Maybe I’m in the minority with my experience with men and women as gays and lesbians. I count a total of 2 people as close friends who are gay (not because I maintain a principle of only heterosexual friends; this is simply how things have worked out so far). There are no gays or lesbians (of which we know, of course) in my family on either side or my wife’s family on either side, constituting hundreds of people between the two families. For all intents and purposes, the majority of my experience is with the homosexual as faceless, and I’m willing to bet that most Mormons are in a similar situation. My argument is that the discourse on homosexuality (and I daresay some of our doctrinal orientations) will change in proportion to gays and lesbians emerging from the faceless mass (toward which we have a mere ethical responsibility to treat fairly as human beings, and therefore are free to fear and not to love) and taking on the faces of those we love. Not all of us will love them simply because this occurs, but some will, and no doubt all of us would be unsettled. That unsettling would change our discourse and rhetoric.

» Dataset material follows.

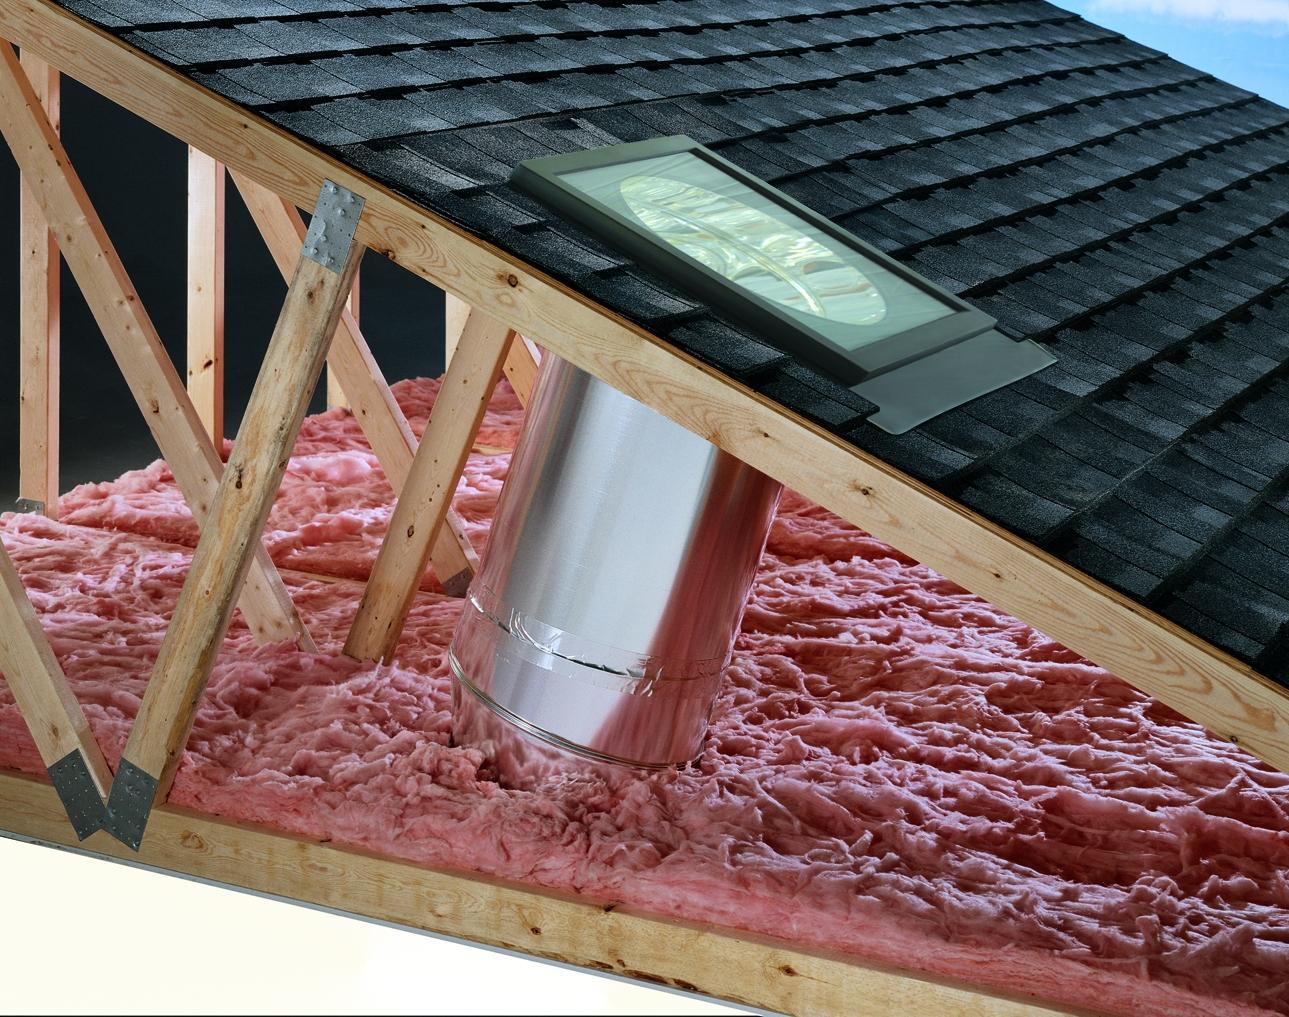 Instalaci n de un tragaluz tubular constru gu a al d a - Tragaluces para tejados ...
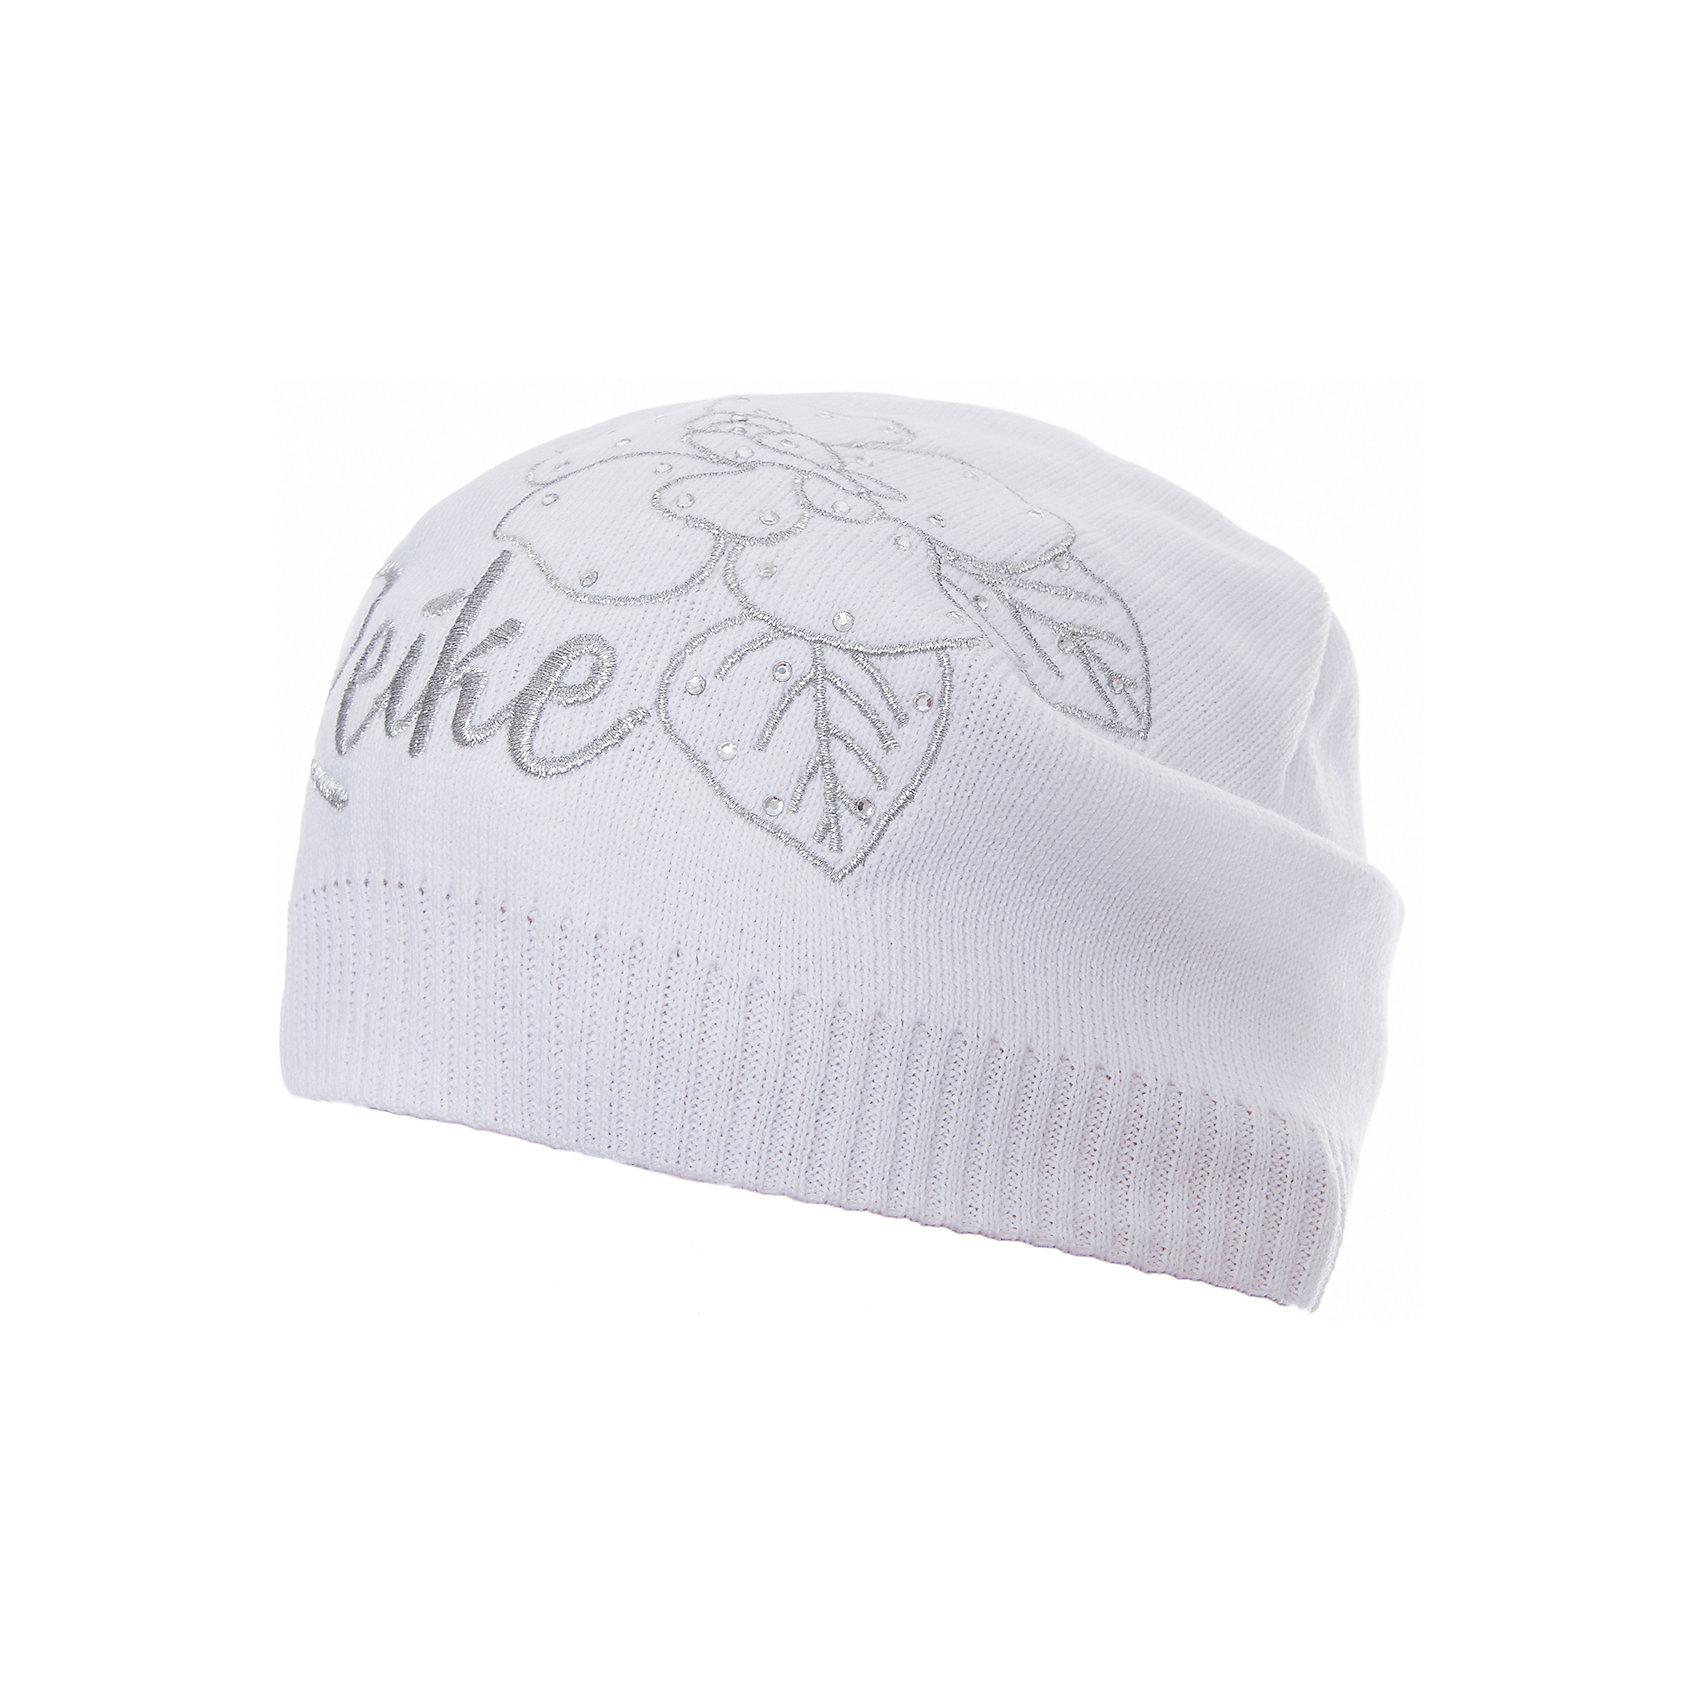 Шапка Reike для девочкиШапки и шарфы<br>Характеристики товара:<br><br>• цвет: белый<br>• состав: 97% хлопок, 3% полиуретан<br>• без подкладки<br>• температурный режим: от +7С до +15С<br>• декорирована вышивкой и стразами<br>• мягкий материал<br>• страна бренда: Финляндия<br><br>Новая коллекция от известного финского производителя Reike отличается ярким дизайном, продуманностью и комфортом! Эта модель разработана специально для детей - она учитывает особенности их физиологии, а также новые тенденции в европейской моде. Она отлично сочетается с обувью разных цветов и фасонов. Стильная и удобная вещь!<br><br>Шапку для девочки от популярного бренда Reike можно купить в нашем интернет-магазине.<br><br>Ширина мм: 89<br>Глубина мм: 117<br>Высота мм: 44<br>Вес г: 155<br>Цвет: белый<br>Возраст от месяцев: 0<br>Возраст до месяцев: 3<br>Пол: Женский<br>Возраст: Детский<br>Размер: 56,52,54<br>SKU: 5430206

That the gay community is mostly faceless to the average Mormon has, I am arguing, the effect of there being no particularized call, no one to address, no gazes to meet, no injunction to enact. And thus we remain settled and sure in our knowledge, enclosed in ourselves and comfortable in our separate worlds. To the extent that more gays and lesbians become that particular person–sons, daughters, friends, neighbors, with names, faces and gazes, unsettling and breaking our hearts, and destabilizing our preconceptions–is the extent to which unpredictable events will begin to happen, and love and charity will do the work that loose abstract ethical alignment cannot.